Юсуфу представлялось, что своим восшествием на ордынский престол он осчастливил всех правоверных. С его точки зрения, Шейх-Мамай был мягкотелым правителем, никаких решительных шагов против русских не предпринимал и тем самым вынуждал Юсуфова зятя — достославного казанского хана Сафа-Гирея — воевать с ними в одиночку. Юсуф не раз указывал на это. Однако Шейх-Мамай был робок, не решился сам выступить против неверных. Правда, изредка он посылал, чтобы помочь Казани, небольшое войско, послал также несколько табунов лошадей, собранных у башкир, но тем дело и ограничилось. А русские между тем продвигались и продвигались на юг и восток.
«Прежде всего сейчас надо преградить Ивану путь на Казань, — размышлял Юсуф. — Во имя любимой дочери моей Суюмбики, во имя будущего хана — внука моего Утямыш-Гирея я должен оказать Казани ощутимую поддержку. Пусть почувствует царь Иван и ногайскую мощь!»
Юсуф знал: русские неплохо вооружены. И то, что они воюют храбро, было ему известно. И все же тешил себя надеждами на успех. «Коли ты — волк, — мысленно обращался он к царю Ивану, — то я — барс. Против твоей сабли я выставлю бьющее без промаха копье. Владения мои неоглядны. Не занимать мне коней, чтоб оседлать, достаточно и воинов, чтоб воевать. Под моей рукой — несчетные башкирские племена и роды. Да, все они — от Узени до Иргиза, от Иргиза до Яика, от Яика до Иртыша — все теперь под моей рукой!»

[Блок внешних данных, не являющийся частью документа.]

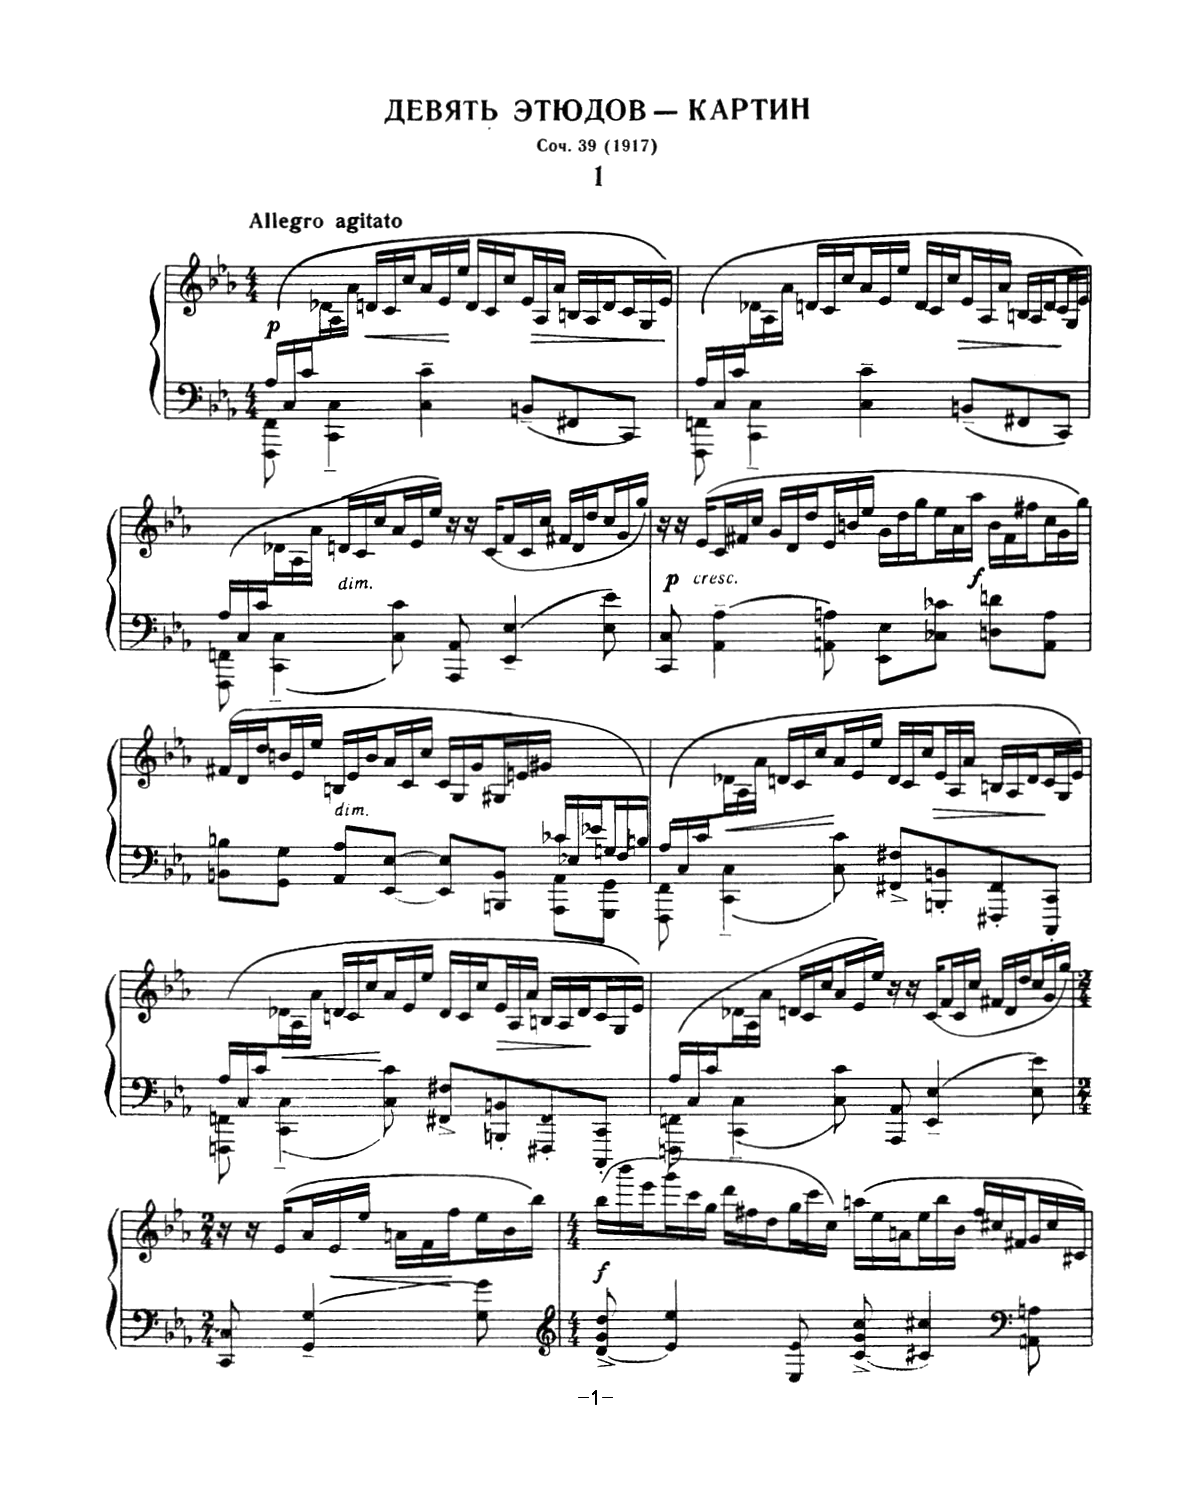 拉赫玛尼诺夫 音画练习曲9或10 Etudes tableaux Op.39 No.1钢琴谱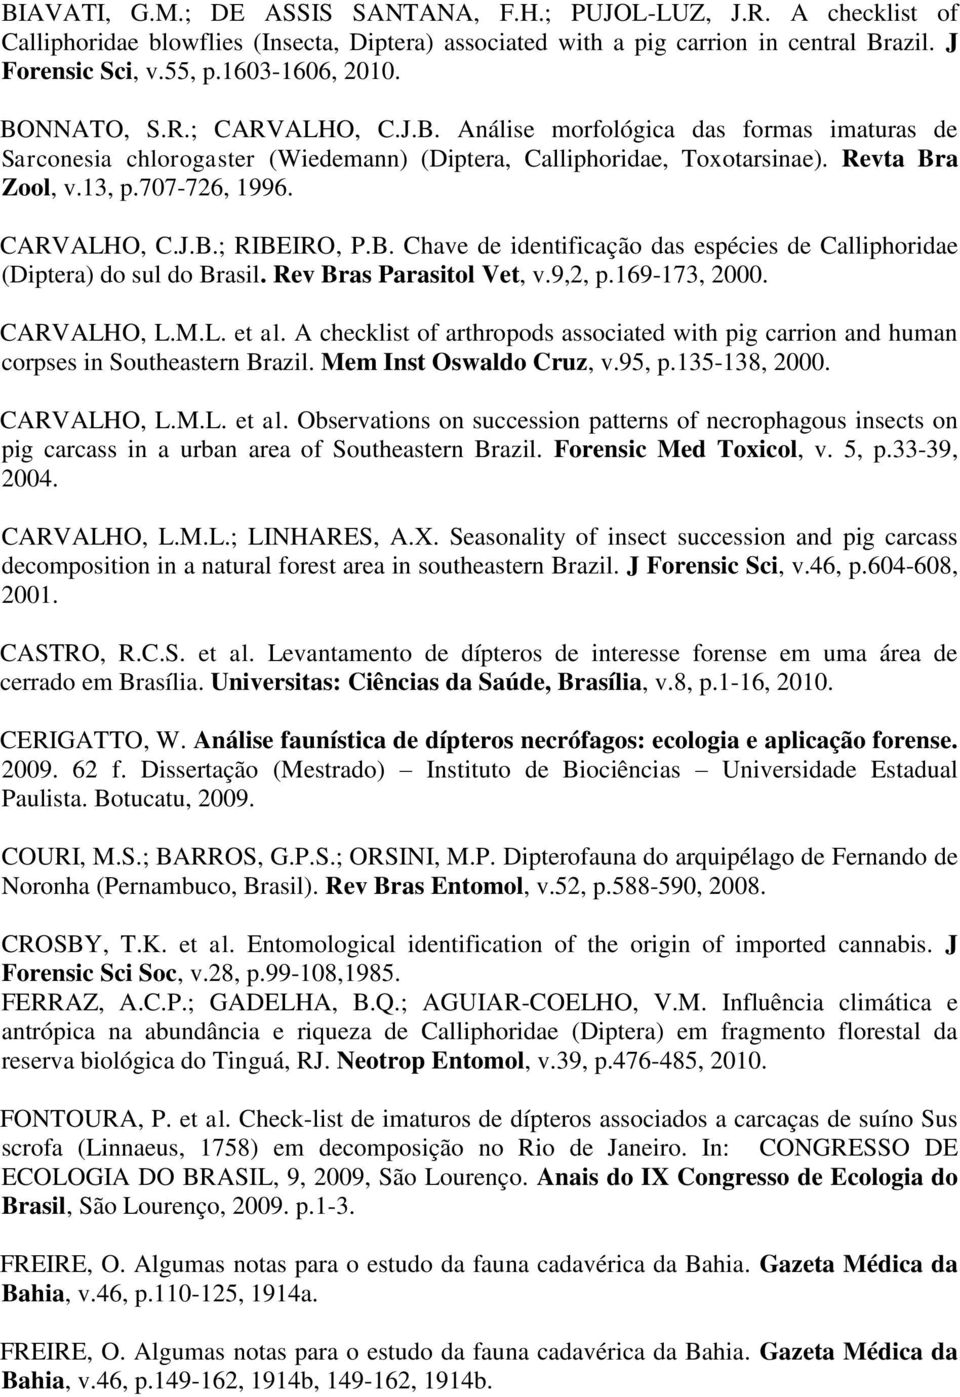 707-726, 1996. CARVALHO, C.J.B.; RIBEIRO, P.B. Chave de identificação das espécies de Calliphoridae (Diptera) do sul do Brasil. Rev Bras Parasitol Vet, v.9,2, p.169-173, 2000. CARVALHO, L.M.L. et al.

В дни, когда осуществилась, наконец, мечта Юсуфа о верховной власти в орде, мурзы, съехавшиеся в Малый Сарай, путались у него под ногами в ожидании своей доли от праздничного пирога. Все на что-то надеялись: на улус поудобней, на место подоходней… Спеша опередить друг друга, они подхватывали и повторяли каждое слово нового великого мурзы, готовы были на каждый его чих отозваться восклицанием «Ярхамбикалла!»[2], в один голос одобряли и превозносили до небес любую его мысль или намерение. Среди них был и Ядкар-мурза. Его трепала лихорадка нетерпения: скорей, скорей сесть на имянкалинский трон вместо Акназара, нашедшего свою смерть у ворот Малого Сарая.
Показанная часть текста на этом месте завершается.